The University of East Anglia already has safety standards that have to be met, which included having basic safety training before starting wet lab work, as well as reading, understanding and signing relevant COSH forms for each potential lab procedure. Therefore, when designing experiments the NRP-UEA-Norwich team considered the risks associated and checked whether the COSH forms signed covered the procedures undertaken. The team also received training from advisors over the first few days of their time in the lab. They learnt what to do in emergencies, where to access the safety manual which is always within the lab, as well as being shown where to dispose of the different chemicals and used equipment. It is also vital that researchers within the university wear personal protective equipment (PPE), including lab coat, gloves and covered shoes. The members also wore protective face shields when using artificial UV light in the darkroom. In accordance with university regulation, the team was prohibited from eating, drinking or smoking in or near the lab. The team enjoyed their lunch well away from the lab, as well as being careful to wash their hands before leaving.

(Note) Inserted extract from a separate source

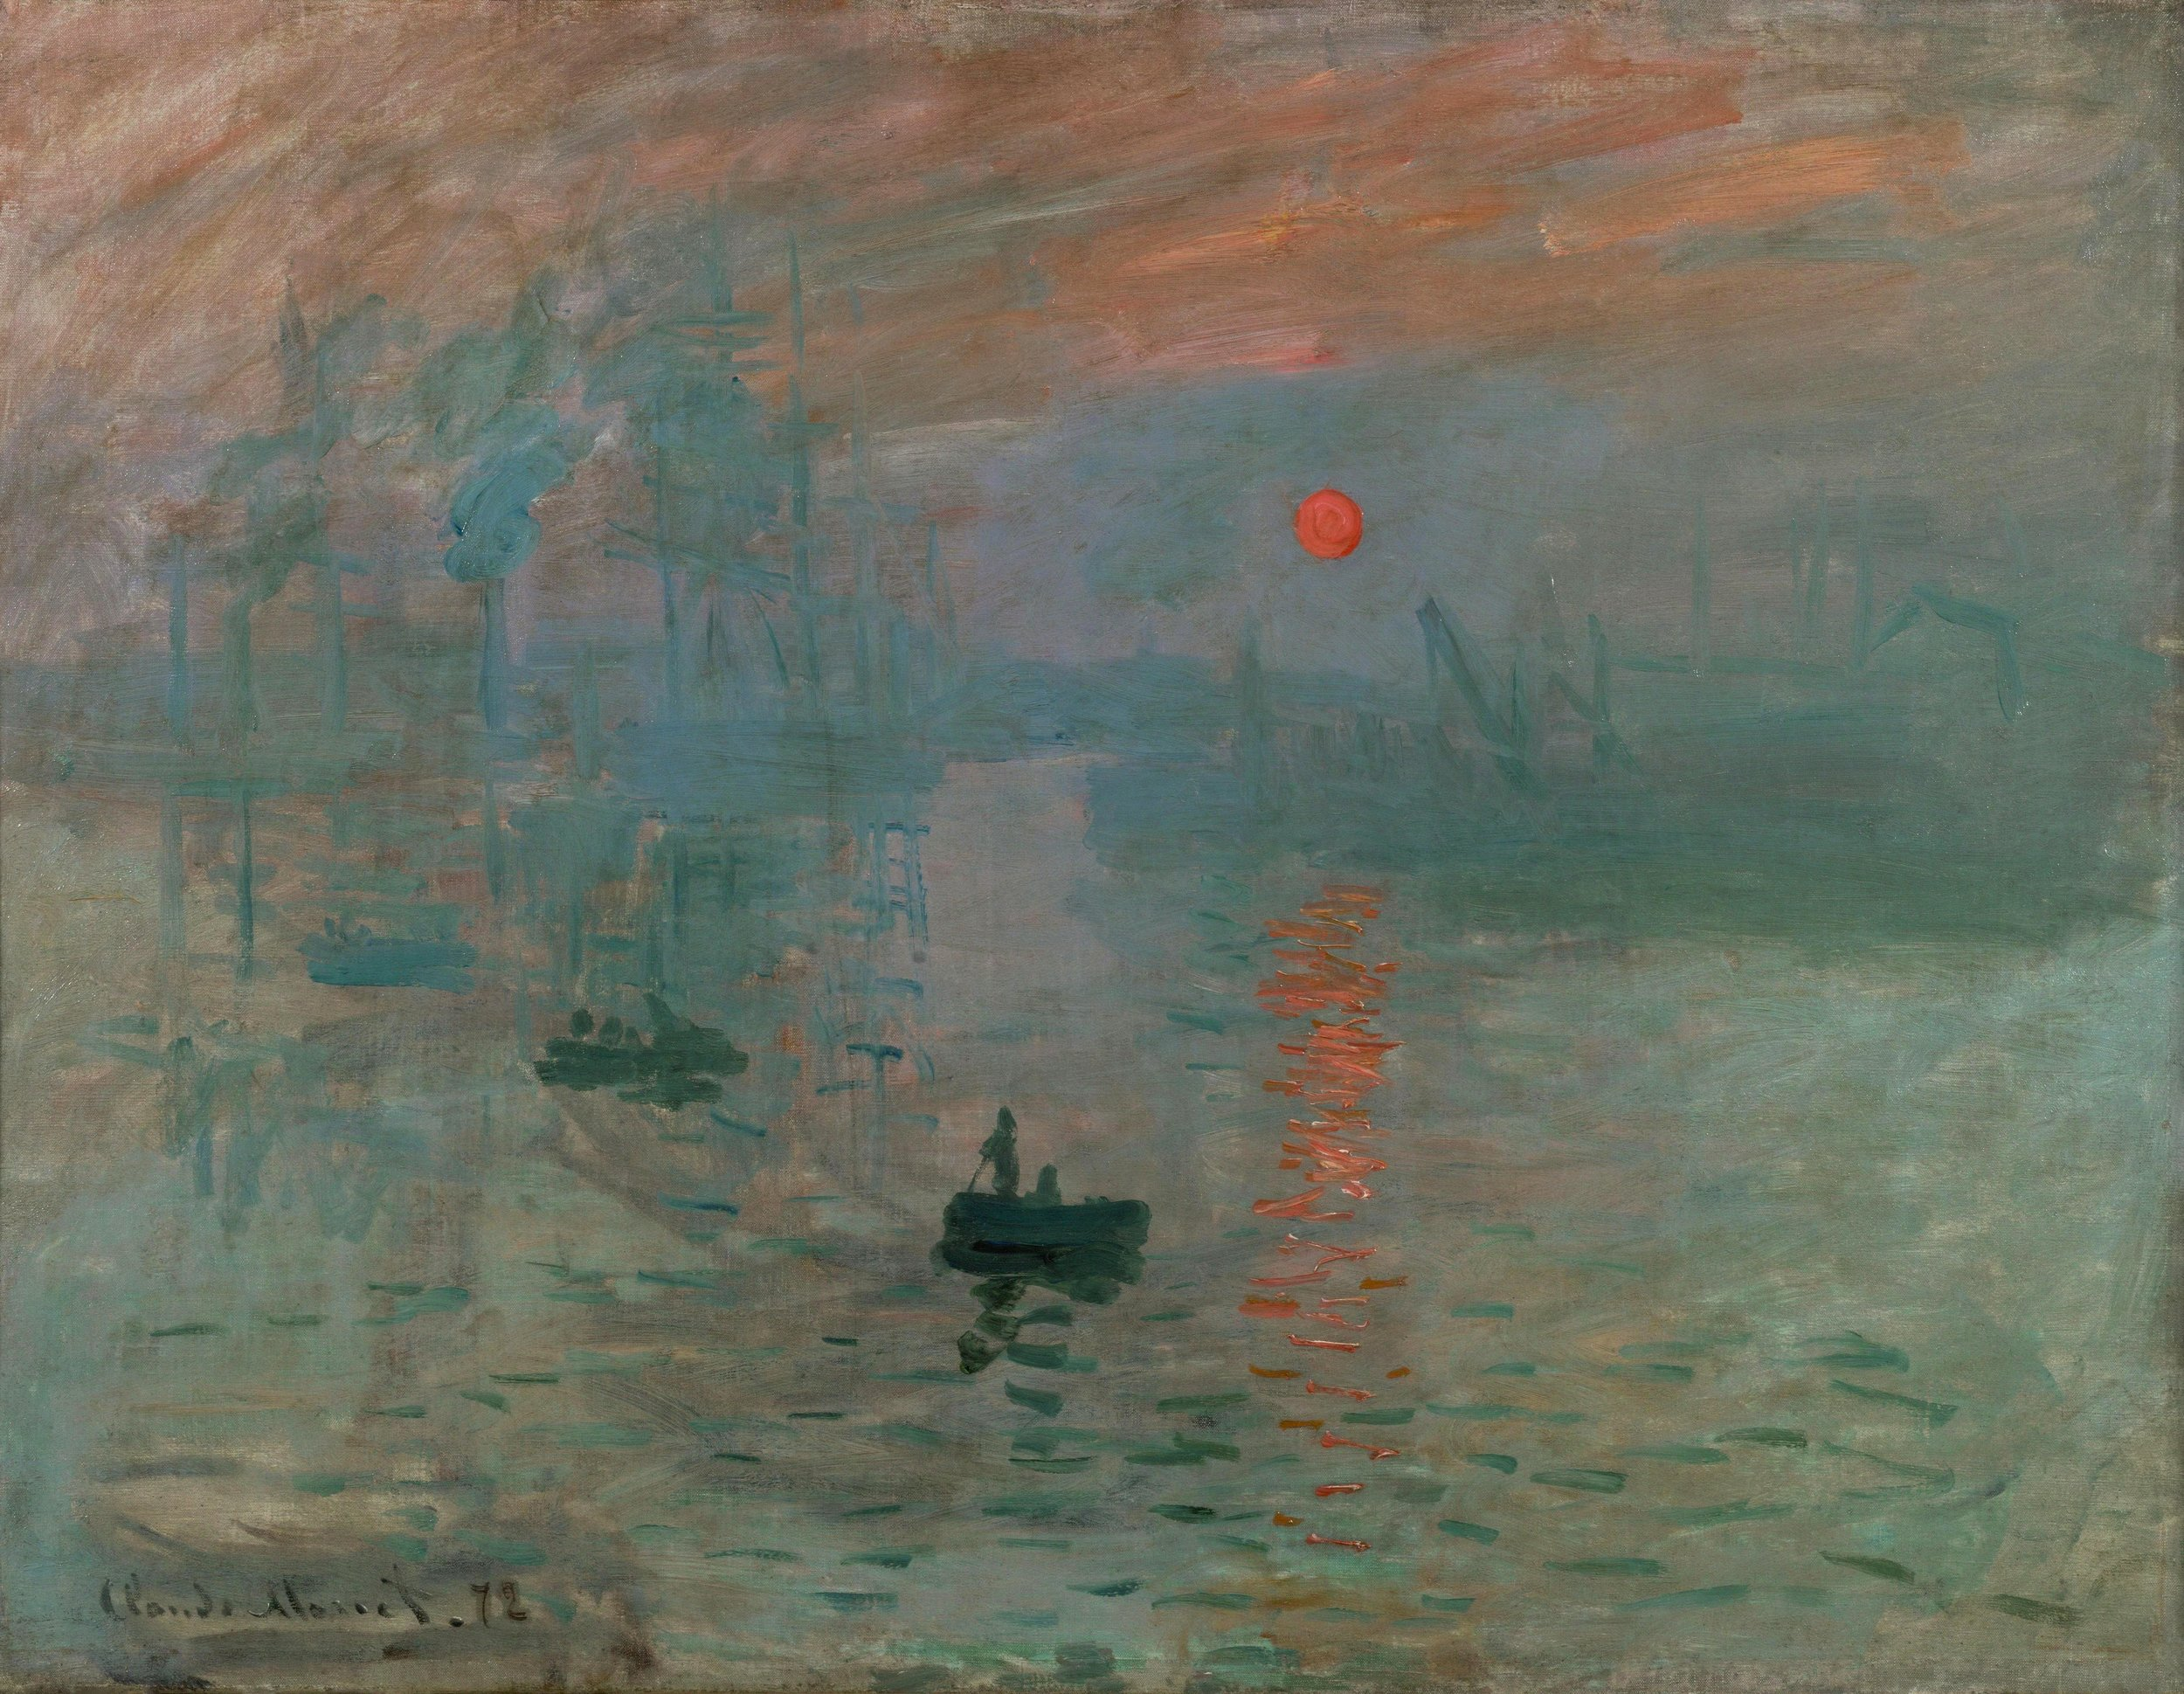 Claude Monet, Impression: Sunrise, 1872, oil on canvas (Musée Marmottan Monet, Paris)
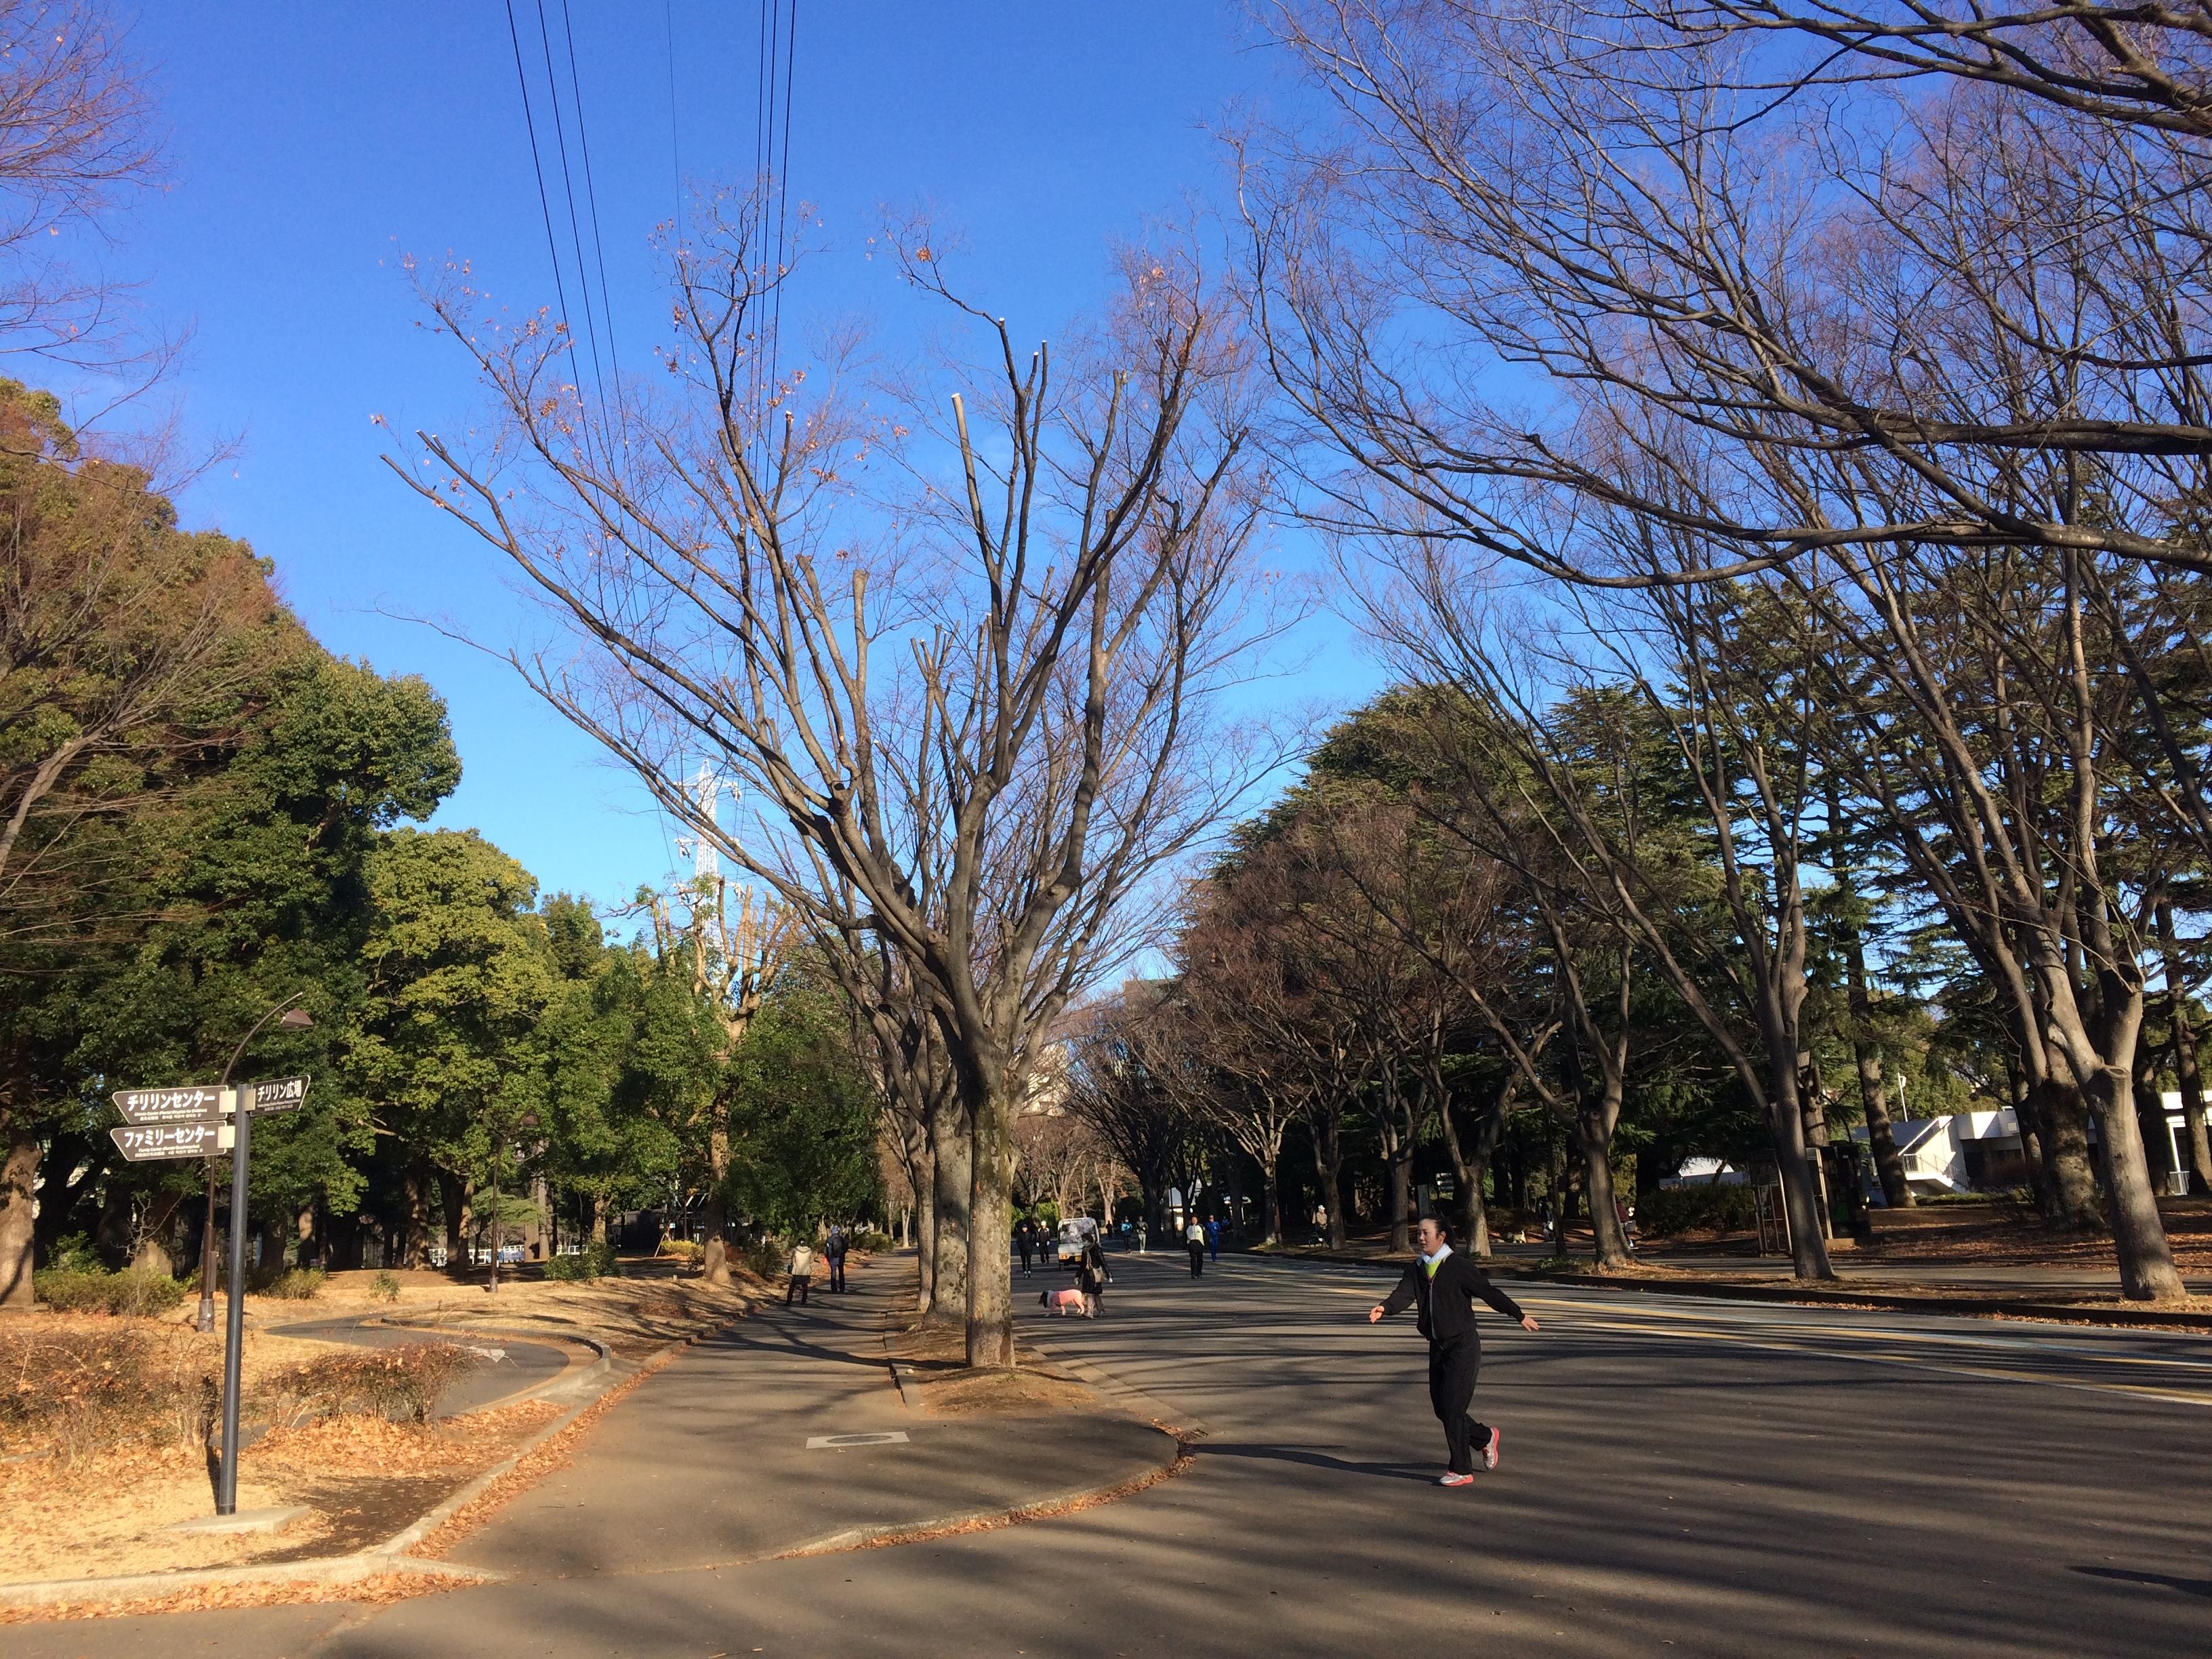 アラ還マラソン練習日記 年末怒濤の6時間走!!!@駒沢公園

The lab facilities were designed to be safe for the team members, providing plenty of space and clean surfaces to work on. The lab was supplied with plastic handheld pipettes, and permanent pens; removing the need for use researchers to ever use their mouths during experimentation e.g. mouth pipettes and labels that require saliva to aid adhesion.
The team had originally thought it would be interesting to look at NO levels within salmonella, but decided later that this would result in a lot more safety concerns and complications. Therefore, the team decided to only use strains of "E.coli" (which they had all used within their university studies before and were allowed to handle within the lab) within our projects. NEB 5-alpha E.coli was use to characterize existing bio bricks, as well as BL21 pLysS E. coli cells and Alpha select gold E.coli. E.coli is a well-studied species of bacteria, with fairly predictable behavior, as well as being non-pathogenic (a bio safety level 1 bacteria). Therefore, all the students were able to use the E.coli within the university’s second year (category one and two) teaching labs.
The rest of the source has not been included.